Responsible governance should focus on these concrete points of power: training-data transparency, permission and licensing, compensation, provenance, labeling, privacy, and accountability. In the European Union, the current framework for general-purpose AI already emphasizes transparency about training inputs and compliance with copyright obligations. These are more useful safeguards than trying to make a regulator decide whether an image contains a human “soul”.
Law also reflects the continuing importance of human authorship. The U.S. Copyright Office’s guidance says that using AI as an assistive tool does not prevent a work from receiving copyright protection. But purely AI-generated material is protected only when a human has contributed sufficient expressive authorship; prompting alone is generally not enough.
The principle is sensible: regulate the industrial system around AI without regulating away human experimentation. Protect the people whose work feeds the models. Preserve attribution and choice. Require transparency where synthetic media could mislead. And leave room for artists to use new tools in ways no policy-maker—or model developer—can predict.
So, can AI make art?
AI can generate images, music, stories, and films that satisfy many practical definitions of art. It can surprise us. It can outperform the average person on specific creativity tests. In the hands of a skilled creator, it can make ambitious work possible.
But current AI has no lived experience behind its output. It has no private memory it is trying to preserve, no grief it needs to transform, no community it hopes to challenge, and no future it wants to change. It can reproduce the language of emotion across words, pixels, and sound, but it does not feel what that language means.

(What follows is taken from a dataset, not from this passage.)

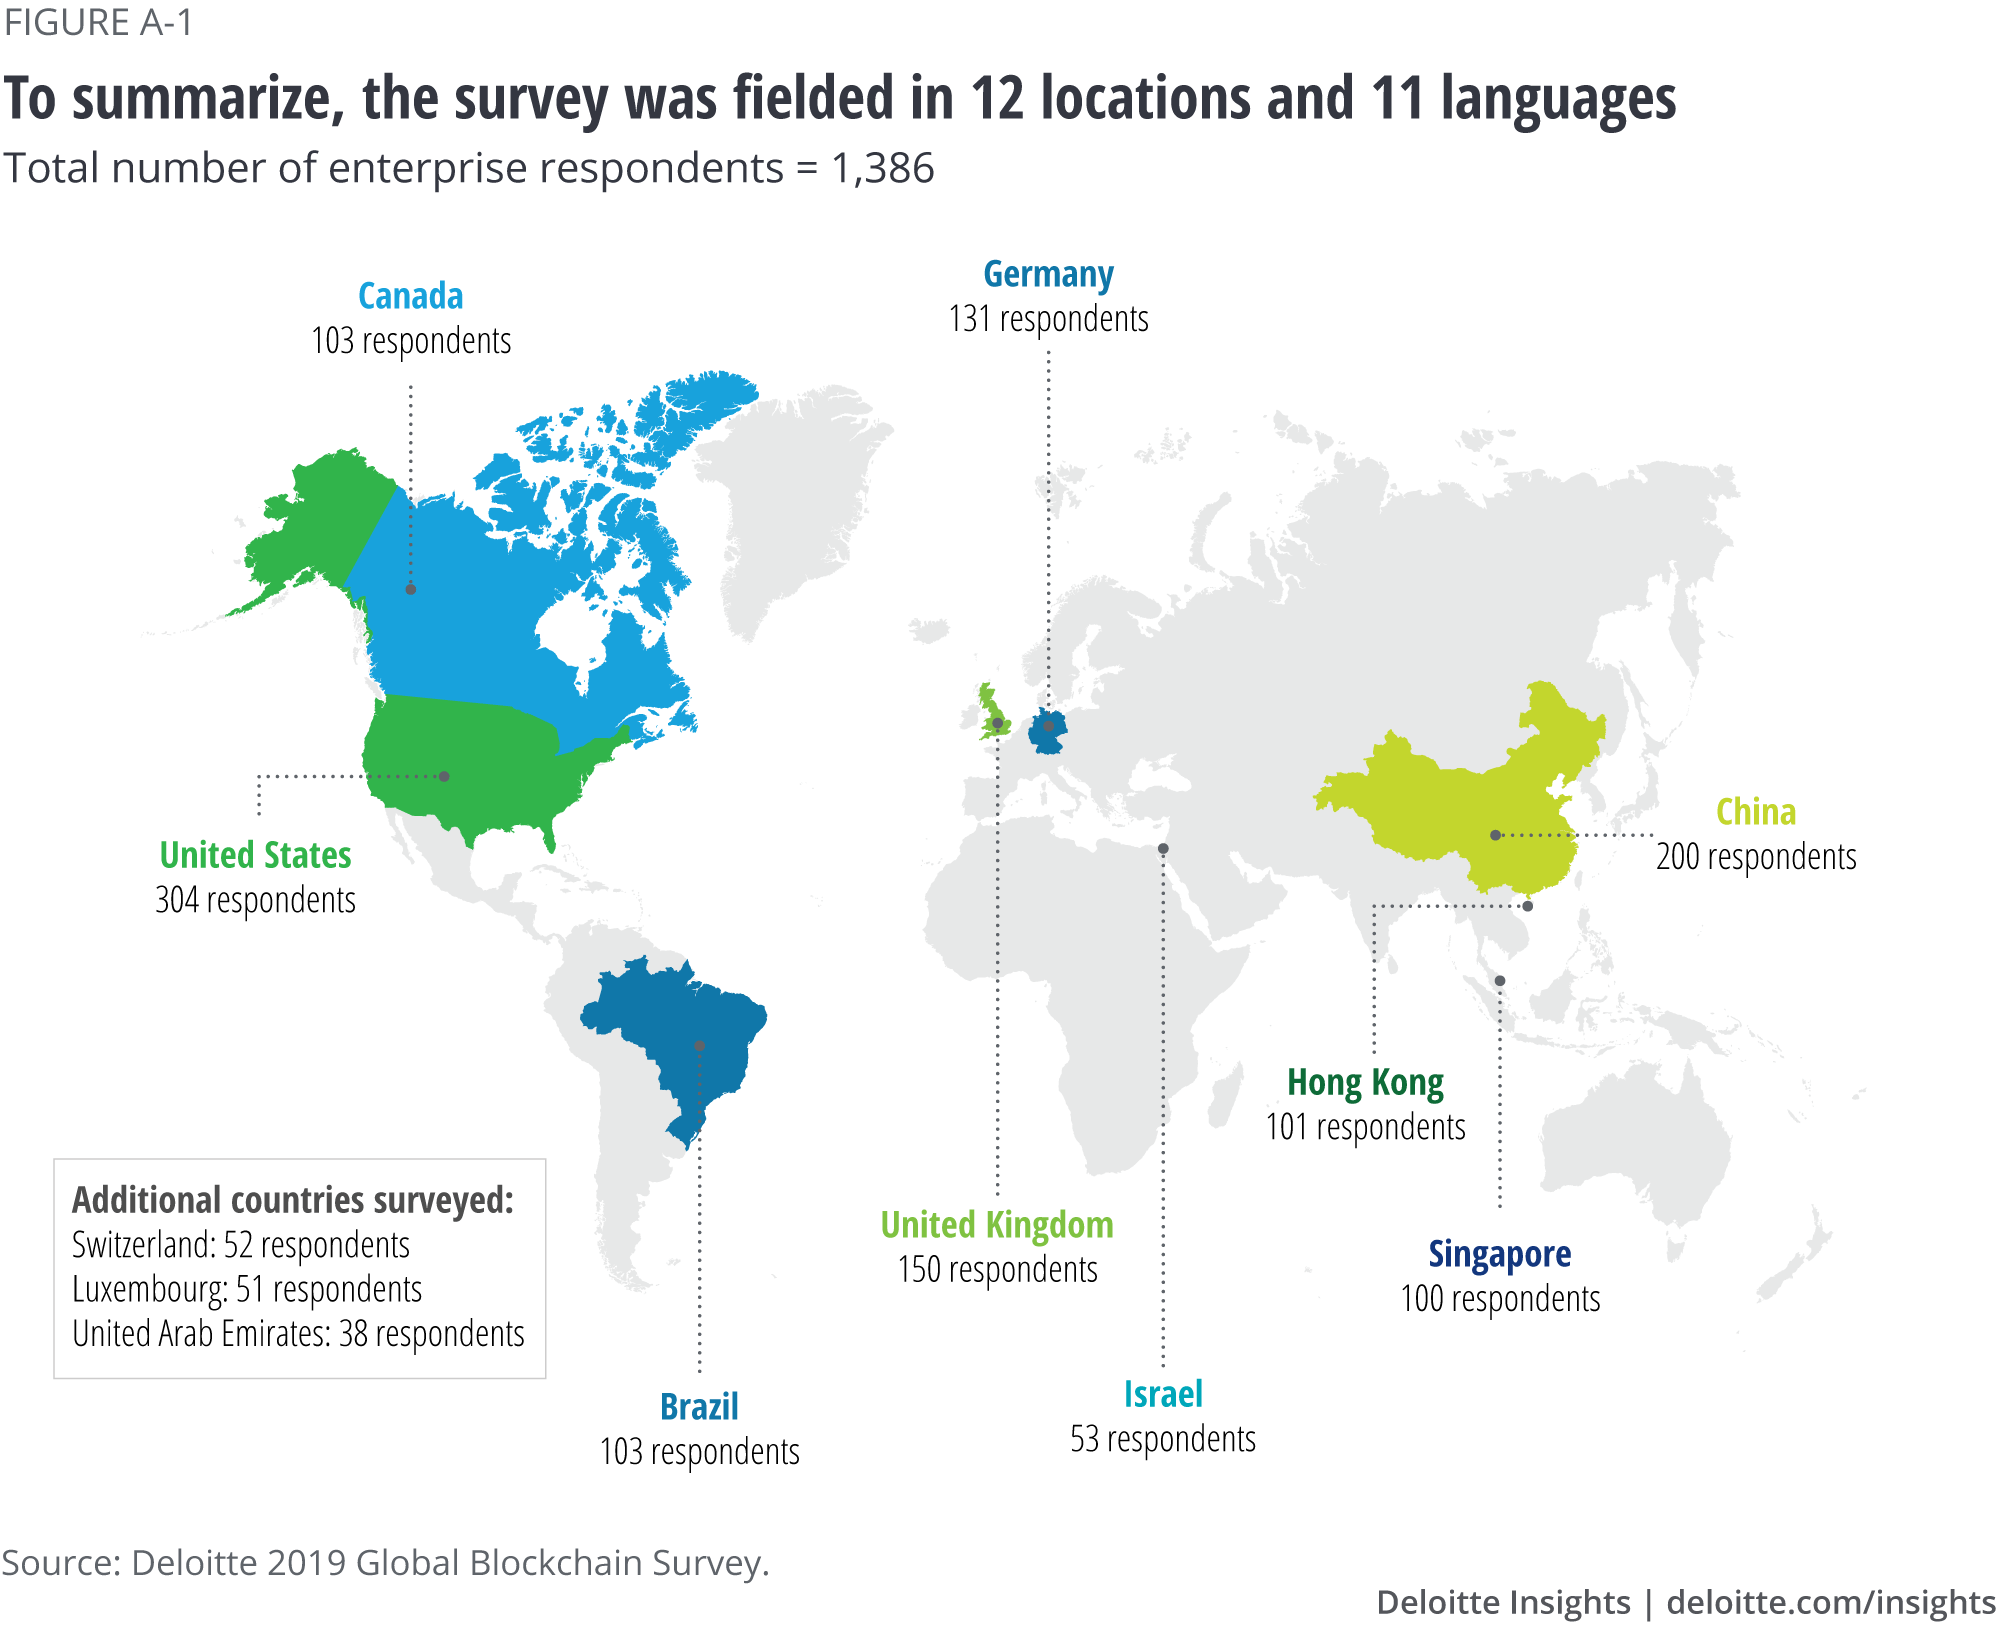 The survey was fielded in 12 countries and 11 languages

For now, people still provide the source of art: the impulse, the intention, the taste, the risk, and the emotional stakes. AI can help us make more. It may even help us make better. But it should expand human expression, not become an excuse to stop practicing it.
The real threat is not that machines will suddenly develop a soul. It is that people, seduced by speed and polish, will stop putting their own into the work.
Frequently Asked Questions
Can AI create something original?
AI can produce a combination that has never appeared before, so its output can be original in a practical sense. However, it generates from patterns learned in existing data and does not originate work from lived experience or independent intention.
Will AI replace artists?
AI will automate parts of creative production and change some creative jobs. It is less likely to replace the human qualities that make work culturally meaningful: taste, intention, context, emotional experience, and responsibility. Artists who learn to direct and edit AI may gain new capabilities.
How can artists use AI without losing their creativity?
Start with your own idea before consulting AI. Use the model for options, critique, iteration, or repetitive execution. Then reject generic outputs, add specific human experience, and make the final decisions yourself. AI is most useful as part of a creative process, not as a substitute for one.